It’s important that parents set guidelines for their children when it comes to using the Internet.
Colleen Taylor, a children’s community developer with the Western Ottawa Community Resource Centre, spoke to a group of parents at W. Erskine Johnston Public School on Feb. 7 about how to keep children safe online.
“You make that judgment call over how much access they have,” she said. “Set some guidelines.”
Parents need to talk to their children about the possible dangers of the Internet, including privacy, luring, cyber-bullying and the difference between healthy and unhealthy relationships.
“Teach them to respect those instincts,” said Taylor. “Help set up the accounts with them.
“You can make up a contract with them … so they know ahead of time what their privileges are and the consequences.”
Of course, there are many benefits to the Internet as well, she said, citing the ability to research, complete homework and talk to family members living around the world.
The biggest priority is “to keep our children safe online,” said Taylor.
One way to do that is to keep the family computer in a public location, such as the den or kitchen, and collect cellphones and other devices before bed.
Also, talk to them about the importance of keeping passwords private.
“Half of them know each other’s passwords,” said Taylor, adding this can make hacking an account easy. “Remind them to keep this information private.”
By age 10, about 89 per cent of children have access to the Internet. In 2005, one in seven children had been sexually solicited online, said Taylor.
“With instant messaging you may not know who you’re talking to online,” she said. “It’s a great field for someone to impersonate someone else.”
Which is why it’s important for parents to have a discussion with their children and let them know if they come across anything disturbing or upsetting, or if they’re asked to meet someone they only know online, they can talk to an adult about it, said Taylor.
“If they see something illegal, harmful, upsetting, they can talk to a safe adult.”

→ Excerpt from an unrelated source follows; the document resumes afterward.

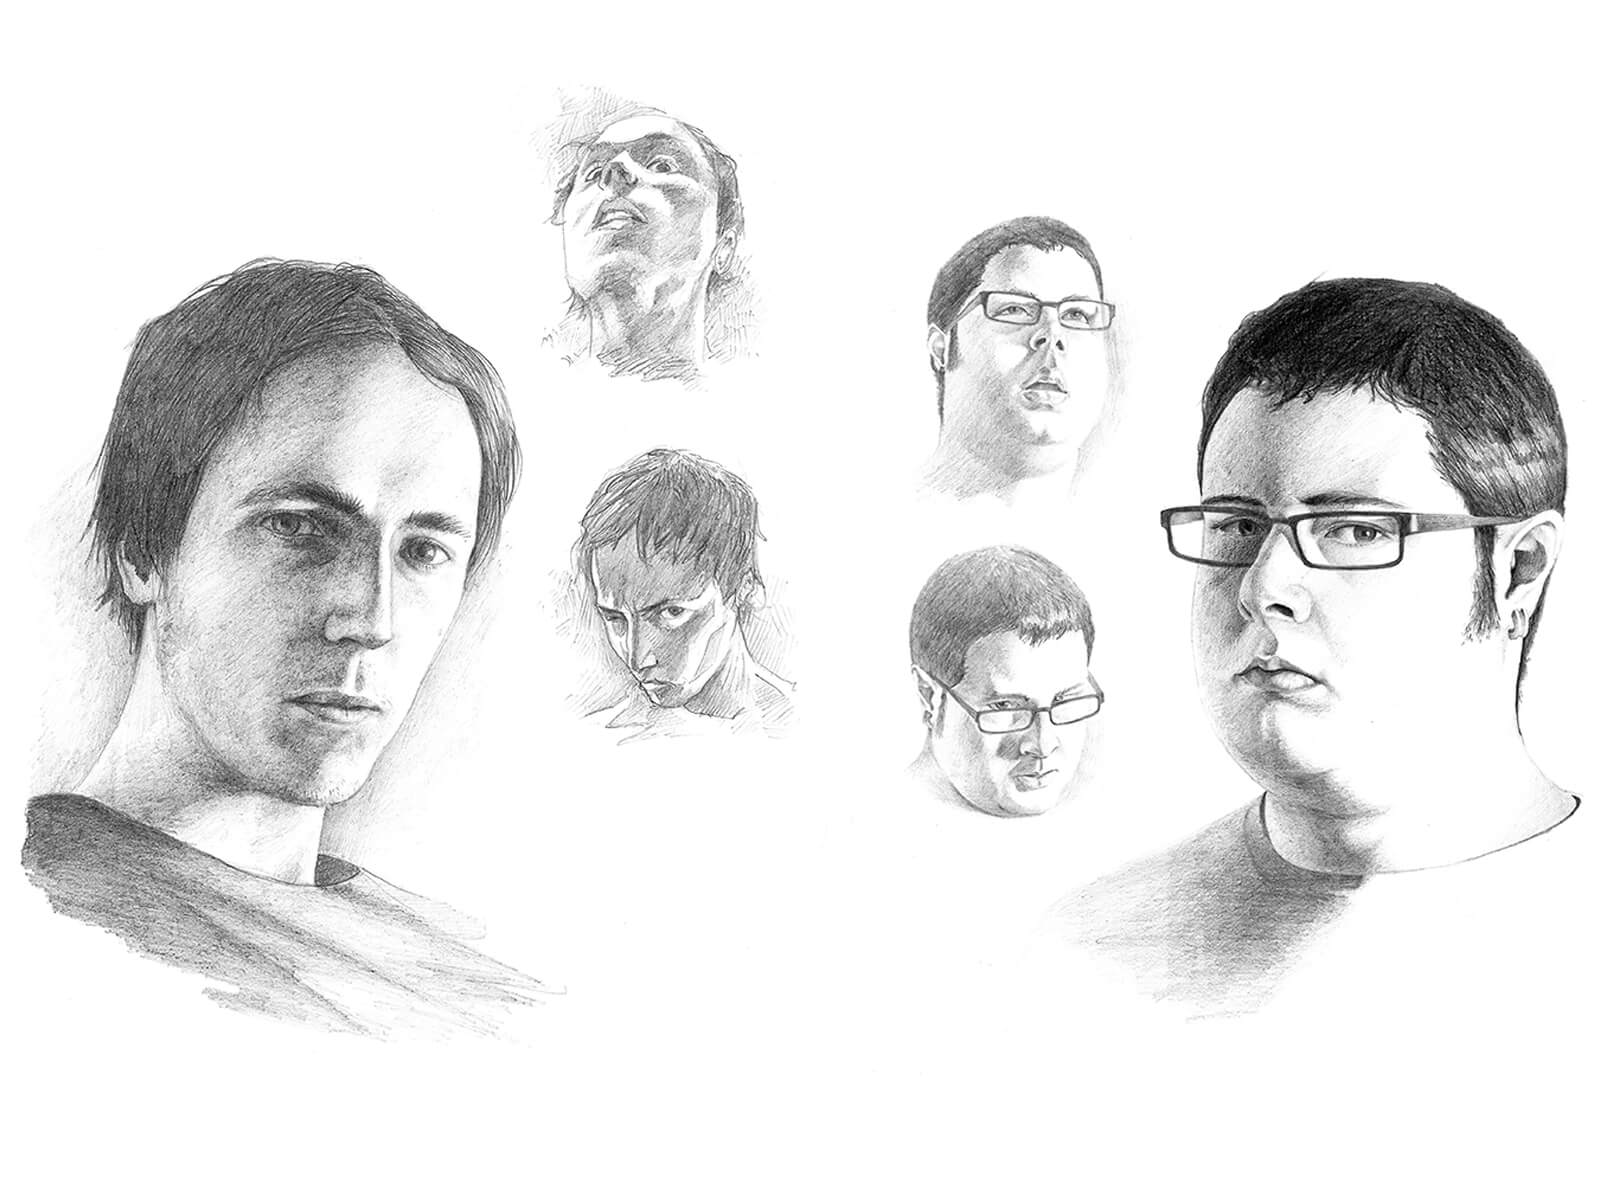 Black-and-white self portraits of two male artists&#039; faces from different angles, one wears glasses and two earrings.

The pervasiveness and immediacy of technology allows bullying to carry beyond the playground and follow children home. Thirty-five per cent of youth have been threatened online.
“Now children can’t get away from all of this,” said Taylor.
Signs a child may be the victim of cyber-bullying include becoming withdrawn and fearful, becoming upset after using the Internet or a lack of interest in using the computer when it was something they used to enjoy.
Children could be afraid of telling an adult they’re being bullied online because they’re ashamed or afraid they could lose their Internet privileges.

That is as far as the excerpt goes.